INPUT FOR THIS TASK: Begin

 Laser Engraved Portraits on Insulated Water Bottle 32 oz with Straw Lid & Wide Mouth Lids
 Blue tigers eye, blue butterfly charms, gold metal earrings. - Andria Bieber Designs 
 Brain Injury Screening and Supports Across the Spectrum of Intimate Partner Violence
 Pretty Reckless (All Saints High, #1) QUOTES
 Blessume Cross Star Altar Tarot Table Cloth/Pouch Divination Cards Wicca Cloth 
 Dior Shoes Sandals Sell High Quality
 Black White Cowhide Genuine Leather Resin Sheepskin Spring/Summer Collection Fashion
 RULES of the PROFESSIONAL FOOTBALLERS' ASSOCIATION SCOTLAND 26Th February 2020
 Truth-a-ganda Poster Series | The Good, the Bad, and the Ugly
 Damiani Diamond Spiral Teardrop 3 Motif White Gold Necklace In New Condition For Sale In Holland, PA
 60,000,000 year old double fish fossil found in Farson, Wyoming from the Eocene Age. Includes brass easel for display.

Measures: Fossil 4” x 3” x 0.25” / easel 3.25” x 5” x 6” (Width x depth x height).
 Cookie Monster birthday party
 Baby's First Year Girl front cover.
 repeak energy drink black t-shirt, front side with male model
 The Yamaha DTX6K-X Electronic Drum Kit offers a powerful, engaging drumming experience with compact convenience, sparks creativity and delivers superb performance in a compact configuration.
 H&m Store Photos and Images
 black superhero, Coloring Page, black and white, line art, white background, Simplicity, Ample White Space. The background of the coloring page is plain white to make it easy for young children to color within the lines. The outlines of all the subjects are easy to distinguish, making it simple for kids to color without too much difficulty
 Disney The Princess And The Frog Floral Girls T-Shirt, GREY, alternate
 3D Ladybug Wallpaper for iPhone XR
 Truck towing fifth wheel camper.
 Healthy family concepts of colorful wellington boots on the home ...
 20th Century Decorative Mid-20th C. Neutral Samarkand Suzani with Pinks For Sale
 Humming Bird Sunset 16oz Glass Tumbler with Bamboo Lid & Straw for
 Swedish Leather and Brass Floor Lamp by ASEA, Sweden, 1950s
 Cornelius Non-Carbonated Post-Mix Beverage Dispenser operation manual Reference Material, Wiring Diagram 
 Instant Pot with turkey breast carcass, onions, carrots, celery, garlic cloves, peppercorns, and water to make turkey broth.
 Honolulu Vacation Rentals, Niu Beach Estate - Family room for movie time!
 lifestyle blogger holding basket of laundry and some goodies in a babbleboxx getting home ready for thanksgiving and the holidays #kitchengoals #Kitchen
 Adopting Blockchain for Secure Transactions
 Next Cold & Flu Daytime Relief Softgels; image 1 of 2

INPUT FOR THIS TASK: End

Copy all the data. Match it exactly.

 Laser Engraved Portraits on Insulated Water Bottle 32 oz with Straw Lid & Wide Mouth Lids
 Blue tigers eye, blue butterfly charms, gold metal earrings. - Andria Bieber Designs 
 Brain Injury Screening and Supports Across the Spectrum of Intimate Partner Violence
 Pretty Reckless (All Saints High, #1) QUOTES
 Blessume Cross Star Altar Tarot Table Cloth/Pouch Divination Cards Wicca Cloth 
 Dior Shoes Sandals Sell High Quality
 Black White Cowhide Genuine Leather Resin Sheepskin Spring/Summer Collection Fashion
 RULES of the PROFESSIONAL FOOTBALLERS' ASSOCIATION SCOTLAND 26Th February 2020
 Truth-a-ganda Poster Series | The Good, the Bad, and the Ugly
 Damiani Diamond Spiral Teardrop 3 Motif White Gold Necklace In New Condition For Sale In Holland, PA
 60,000,000 year old double fish fossil found in Farson, Wyoming from the Eocene Age. Includes brass easel for display.

Measures: Fossil 4” x 3” x 0.25” / easel 3.25” x 5” x 6” (Width x depth x height).
 Cookie Monster birthday party
 Baby's First Year Girl front cover.
 repeak energy drink black t-shirt, front side with male model
 The Yamaha DTX6K-X Electronic Drum Kit offers a powerful, engaging drumming experience with compact convenience, sparks creativity and delivers superb performance in a compact configuration.
 H&m Store Photos and Images
 black superhero, Coloring Page, black and white, line art, white background, Simplicity, Ample White Space. The background of the coloring page is plain white to make it easy for young children to color within the lines. The outlines of all the subjects are easy to distinguish, making it simple for kids to color without too much difficulty
 Disney The Princess And The Frog Floral Girls T-Shirt, GREY, alternate
 3D Ladybug Wallpaper for iPhone XR
 Truck towing fifth wheel camper.
 Healthy family concepts of colorful wellington boots on the home ...
 20th Century Decorative Mid-20th C. Neutral Samarkand Suzani with Pinks For Sale
 Humming Bird Sunset 16oz Glass Tumbler with Bamboo Lid & Straw for
 Swedish Leather and Brass Floor Lamp by ASEA, Sweden, 1950s
 Cornelius Non-Carbonated Post-Mix Beverage Dispenser operation manual Reference Material, Wiring Diagram 
 Instant Pot with turkey breast carcass, onions, carrots, celery, garlic cloves, peppercorns, and water to make turkey broth.
 Honolulu Vacation Rentals, Niu Beach Estate - Family room for movie time!
 lifestyle blogger holding basket of laundry and some goodies in a babbleboxx getting home ready for thanksgiving and the holidays #kitchengoals #Kitchen
 Adopting Blockchain for Secure Transactions
 Next Cold & Flu Daytime Relief Softgels; image 1 of 2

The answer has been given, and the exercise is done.